Derslerde aldıkları bu bilgilerle söz konusu soruna çözüm üretmek amacıyla İTÜ Geliştirme Vakfı Okulları Özel Beylerbeyi Anaokulu, İlkokulu ve Ortaokulu ‘’Deniz Kirliliği’’ adında bir proje geliştirdi. Proje kapsamında yapılan çalışmalarda ortaokul 7.sınıf öğrencisi Oğuz Akar, Su Kirliliğini Erken Fark Etme ve Uyarı Sistemi (Water Pollution Early Detection and Warning System) isimli proje ile endüstriyel atıklar ve erken uyarı sistemi üzerinde çalıştı. Öğrenci projesinde İstanbul’un kullanılabilir su kaynağı Ömerli Barajı başta olmak üzere İstanbul Boğazı ve Göksu Deresi gibi diğer su örneklerinde de gerçekleşen, oksijen ve sıcaklık gibi değerlerin olağandışı değişim sonuçlarını erken uyarı sistemi ile yerel yönetimi bilgilendirmeyi amaçladı.

Ortaokul öğrencisine uluslararası yarışmadan ‘’Altın Madalya’’

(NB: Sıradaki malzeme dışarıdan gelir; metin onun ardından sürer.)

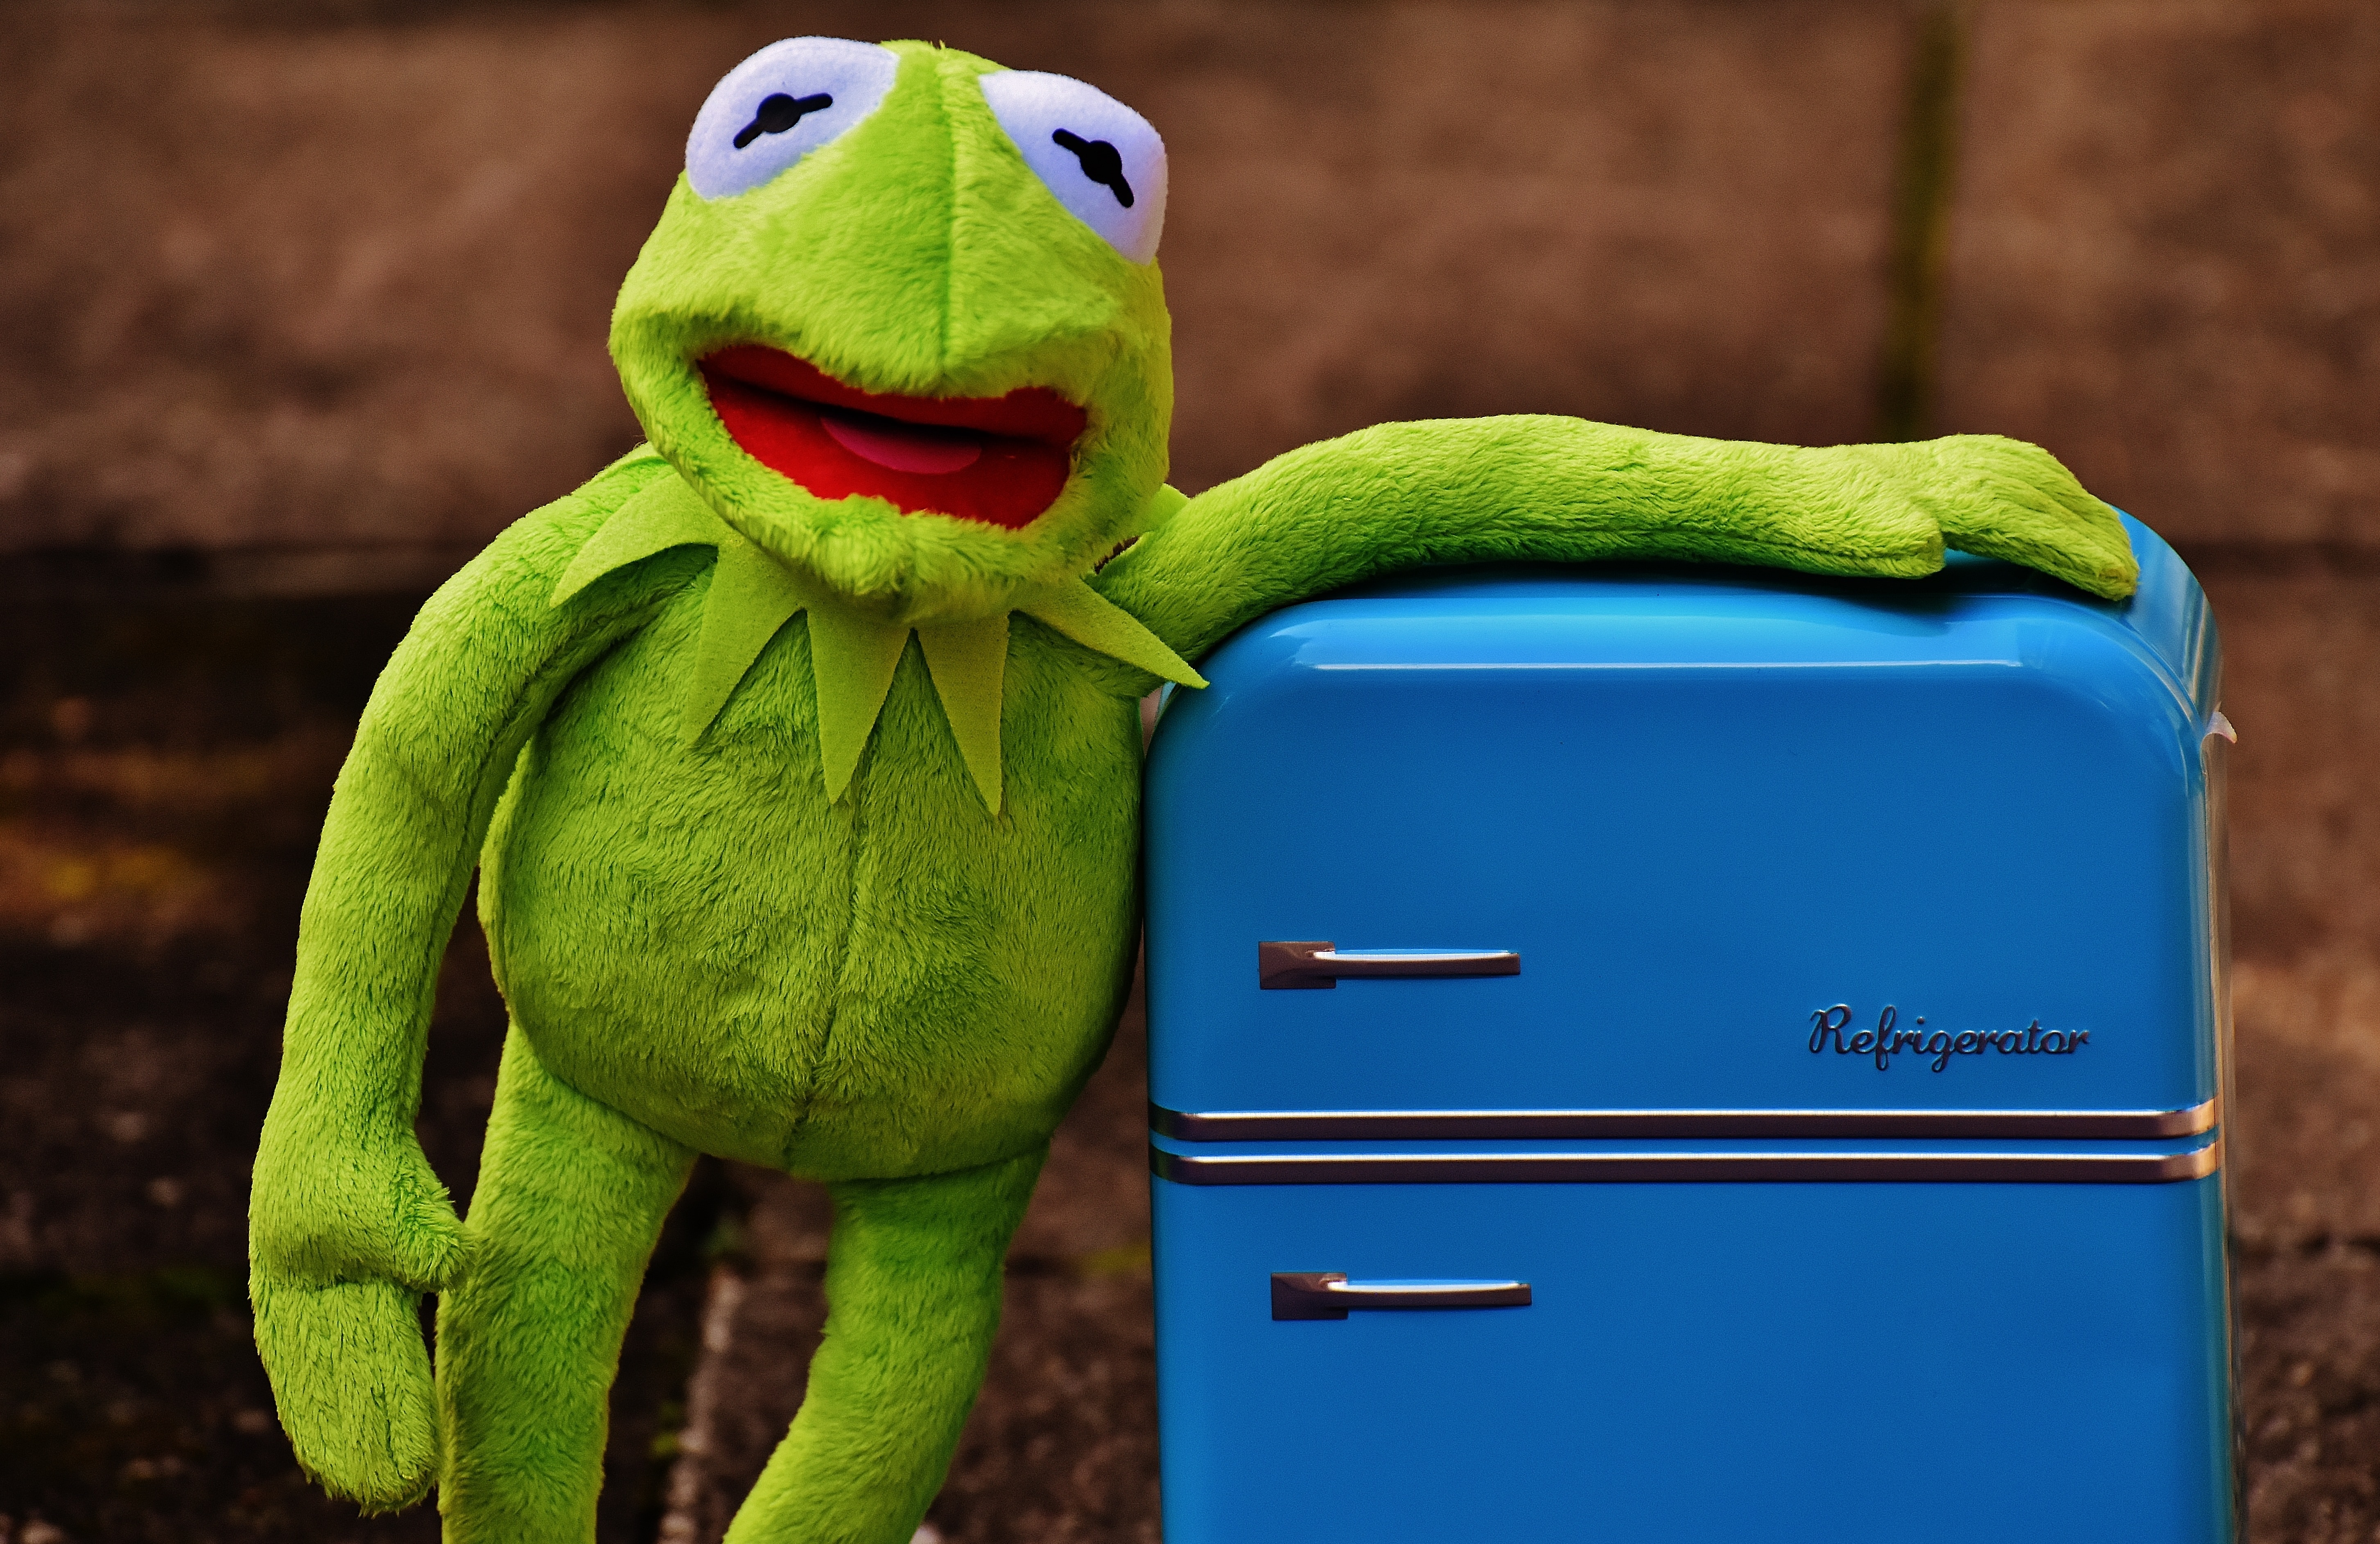 green frog plush toy and refrigerator

Öğrenci Akar projesiyle Indonesian Young Scientist Association (IYSA), PGRI Mahadewa Üniversitesi Bali, Mühendislik Fakültesi Diponegoro Üniversitesi ve BUCA IMSEF iş birliğiyle gerçekleştirilen Uluslararası Gençlik Bilim Fuarı Yarışmasına (Youth International Science Fair) katılarak çevrimiçi sunumunu ve savunmasını gerçekleştirdi. Öğrencinin projesi Amerika Birleşik Devletleri, Kanada, İtalya, Güney Kore, Vietnam, İran, Malezya, Singapur, Birleşik Arap Emirlikleri, Porto Riko, Tayland, Filipinler, Kırgızistan, Endonezya, Azerbaycan, Brezilya, Meksika’dan katılan öğrencilerin projeleri arasından sıyrılarak ortaokul düzeyinde altın madalyaya layık görüldü birinci oldu.

İTÜ Geliştirme Vakfı Okulları Türkiye’nin ve dünyanın geleceğine aktif katkıda bulunmaya hazır genç aydınlar yetiştiriyor

İTÜ Geliştirme Vakfı Okulları, 250 yıllık köklü geçmişi ile dünyanın en eski teknik üniversitelerinden İstanbul Teknik Üniversitesi ailesinin bir parçası olarak, 2000 yılında, İTÜ Ayazağa Yerleşkesinde kurulmuştur. Bugün, İstanbul’da Maslak ve “Erken Müzik Eğitimi” sertifikası sunan Mini Konservatuvarın yer aldığı Beylerbeyi Kampüsünün yanında, franchising sözleşmesiyle de İzmir’de; anaokulu, ilkokul, ortaokul ve lise kademelerinde toplam 2395 öğrenciye eğitim verilmektedir.

Okullar; bireysel farklılıklara saygılı ve BM Sürdürülebilir Kalkınma Amaçları doğrultusunda zenginleştirilmiş akademik programı ile; Türkiye’nin ve dünyanın geleceğine aktif katkıda bulunmaya hazır, özgürlüklere ve insan haklarına saygılı, meraklı, hoşgörülü, genç aydınlar yetiştirmek için çalışmaktadır. Okulun mezunları Türkiye’nin ve dünyanın önde gelen üniversitelerinde eğitimlerine devam ederken; bilimden, sanata, girişimcilikten spora pek çok alanda önemli başarılara da imza atmaktadır. 9 branşta faaliyet gösteren İTÜ GVO Spor Kulübü bedenen ve zihnen sağlıklı bireyler yetiştirmenin yanı sıra etik değerleri yüksek, örnek insanî becerilere sahip sporcular yetiştirmeyi hedeflemektedir.